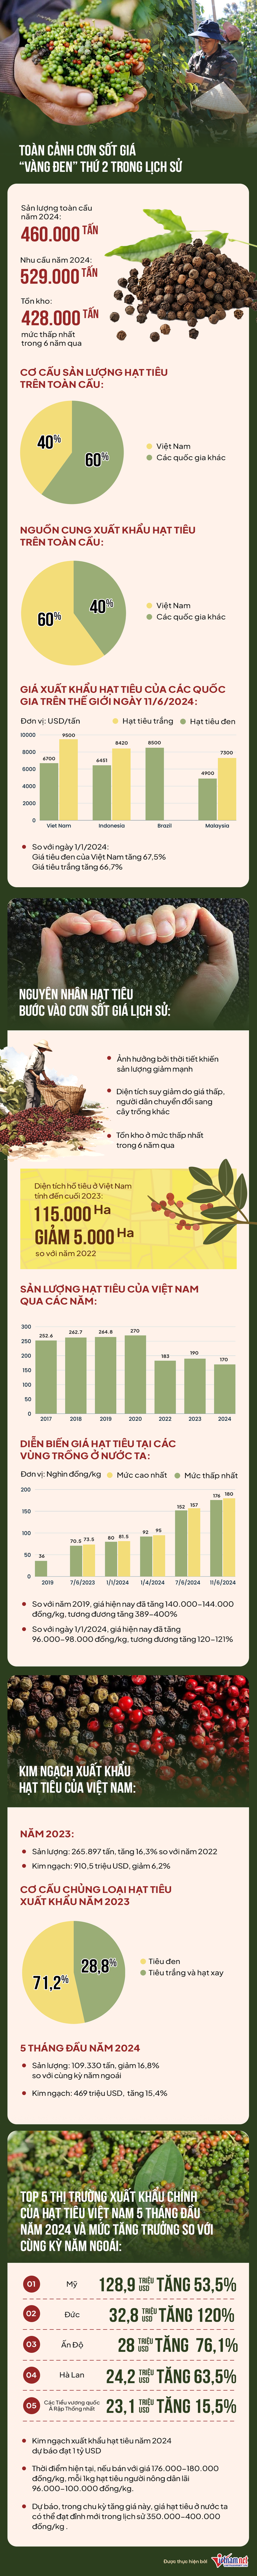 Gia “vang den” tang cao, Viet Nam co kho hang lon nhat the gioi  ​
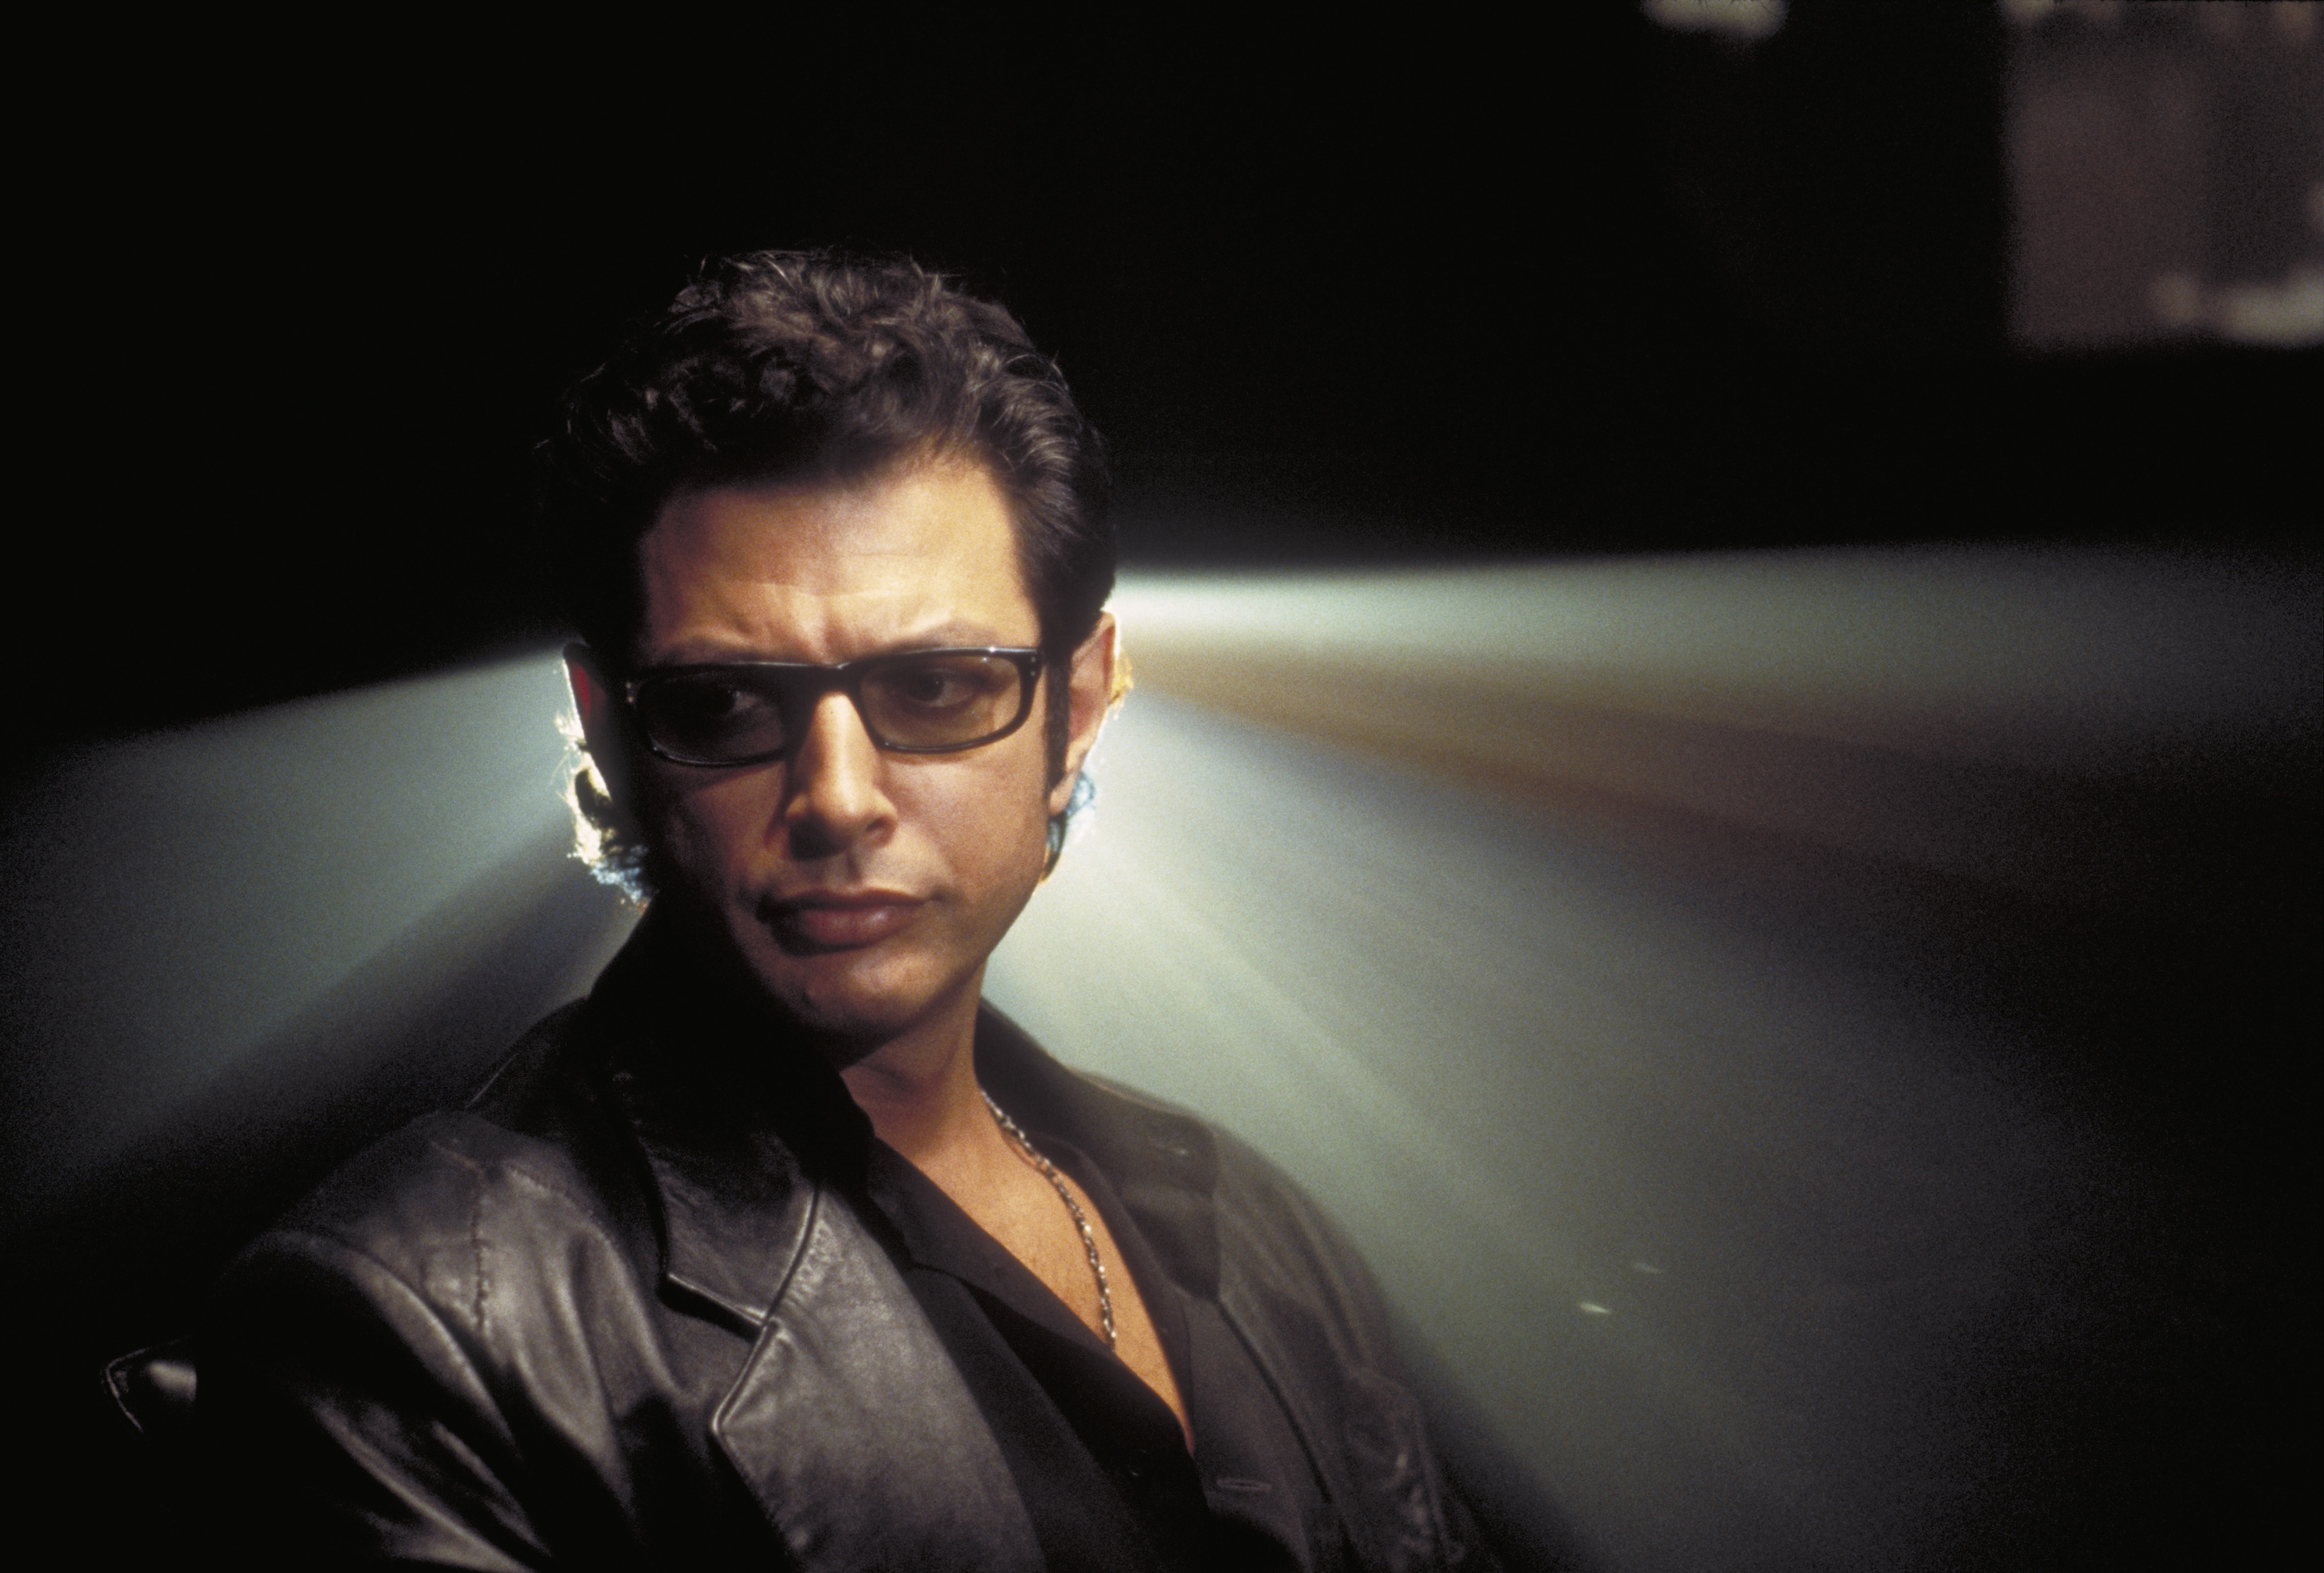 Jeff Goldblum plays Dr. Ian Malcolm in the original cast of Jurassic Park
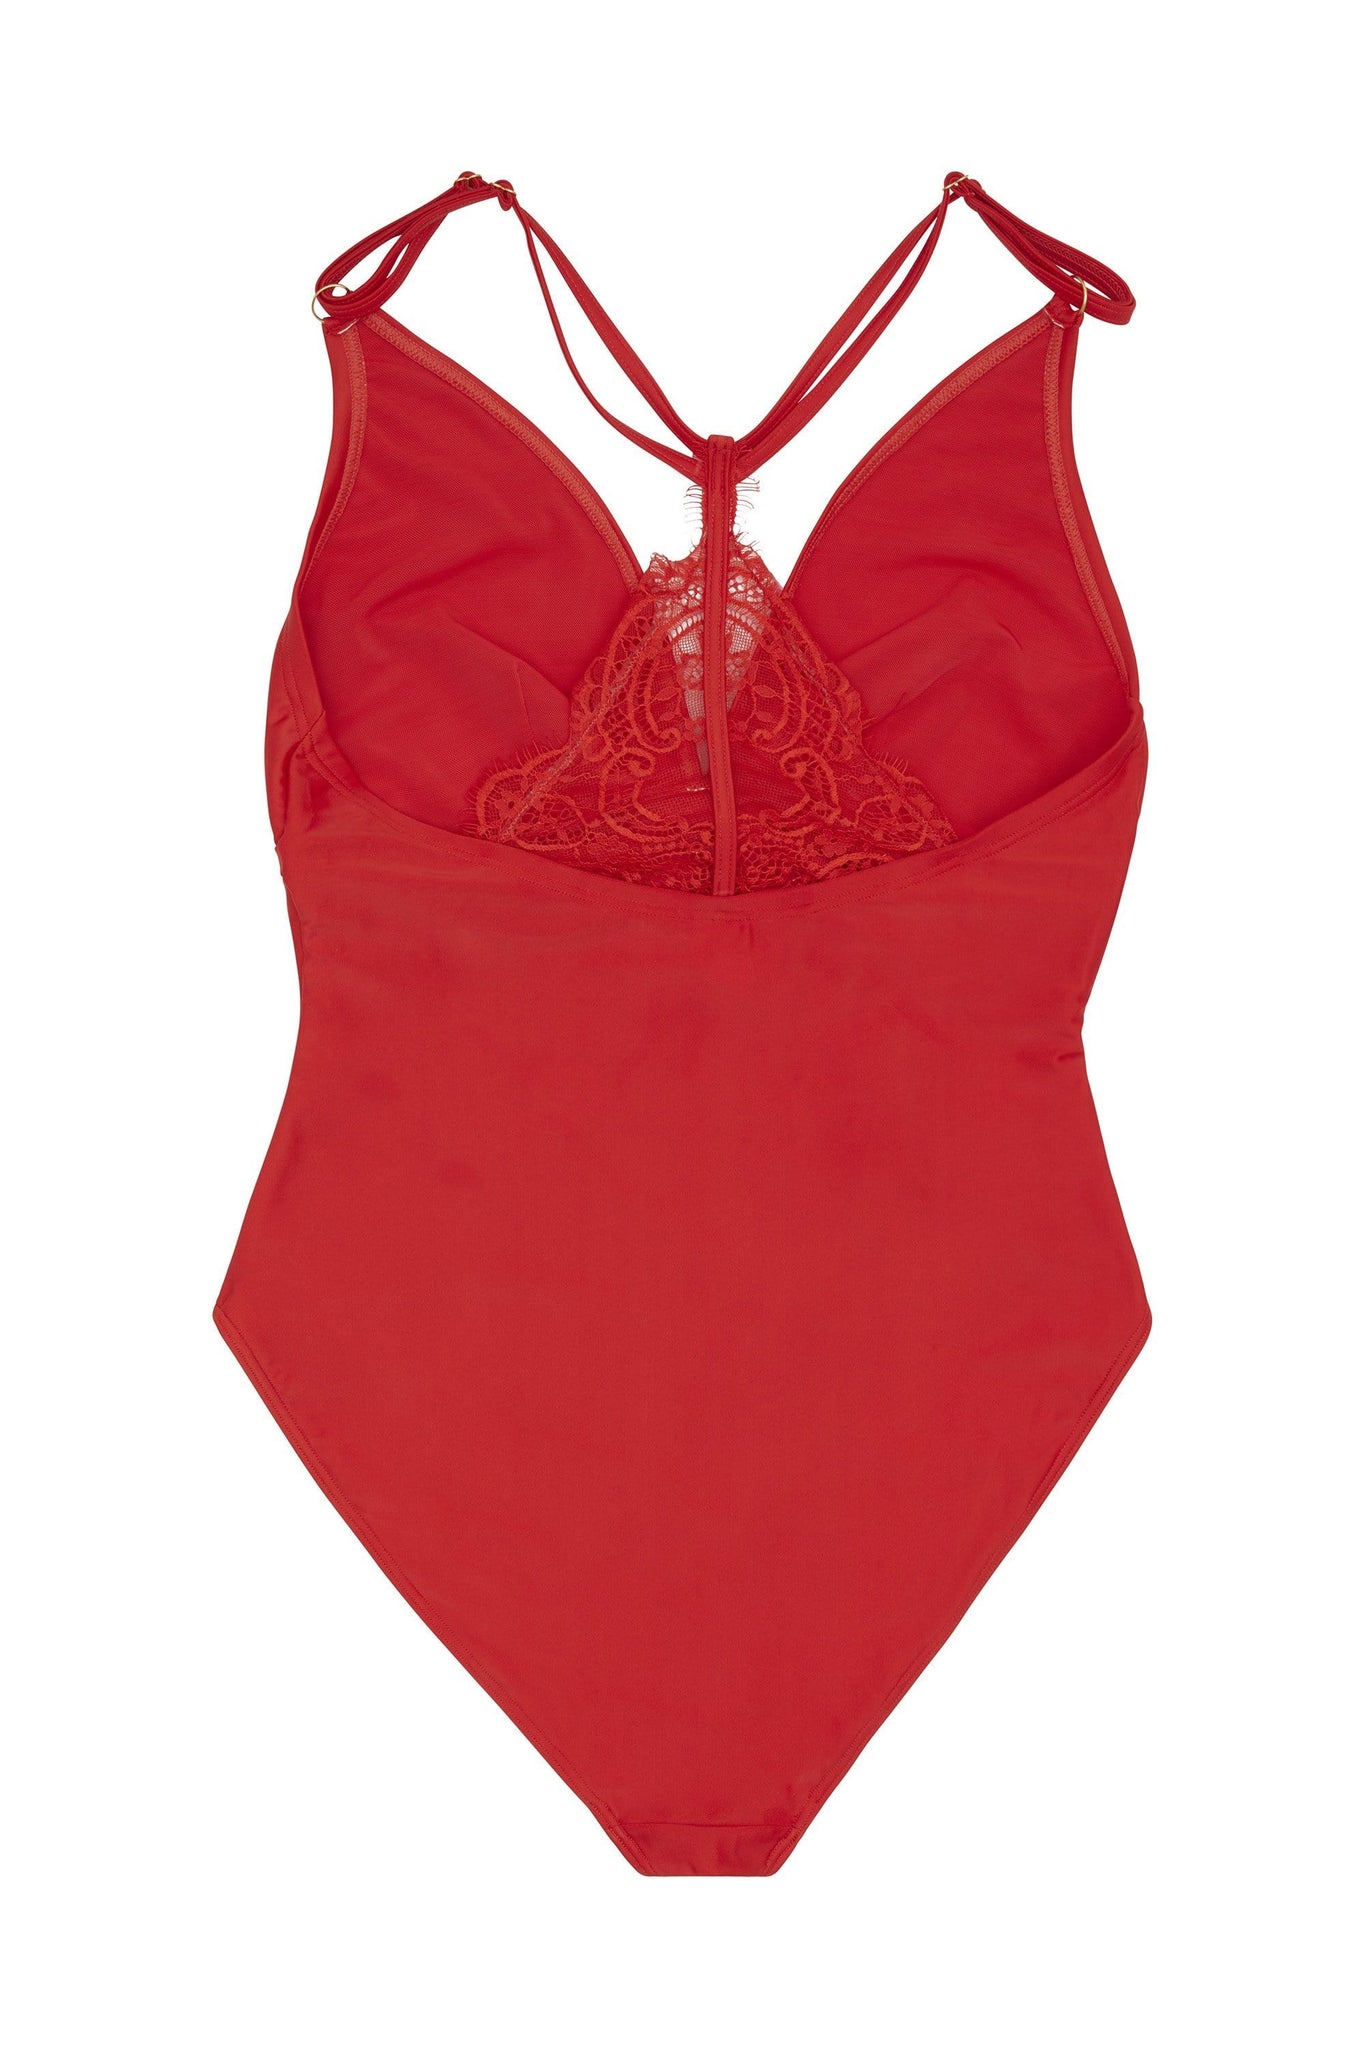 Hunter McGrady Plus Size/Curve Red Lace Detail Swimsuit - Playful ...

------------------------

**YOUR ASSIGNMENT**
Write out the listing above in full, word for word, with no pictures.

**EXERCISE RESPONSE**
 Gia “vang den” tang cao, Viet Nam co kho hang lon nhat the gioi  ​
 Jeff Goldblum plays Dr. Ian Malcolm in the original cast of Jurassic Park
 Hunter McGrady Plus Size/Curve Red Lace Detail Swimsuit - Playful ...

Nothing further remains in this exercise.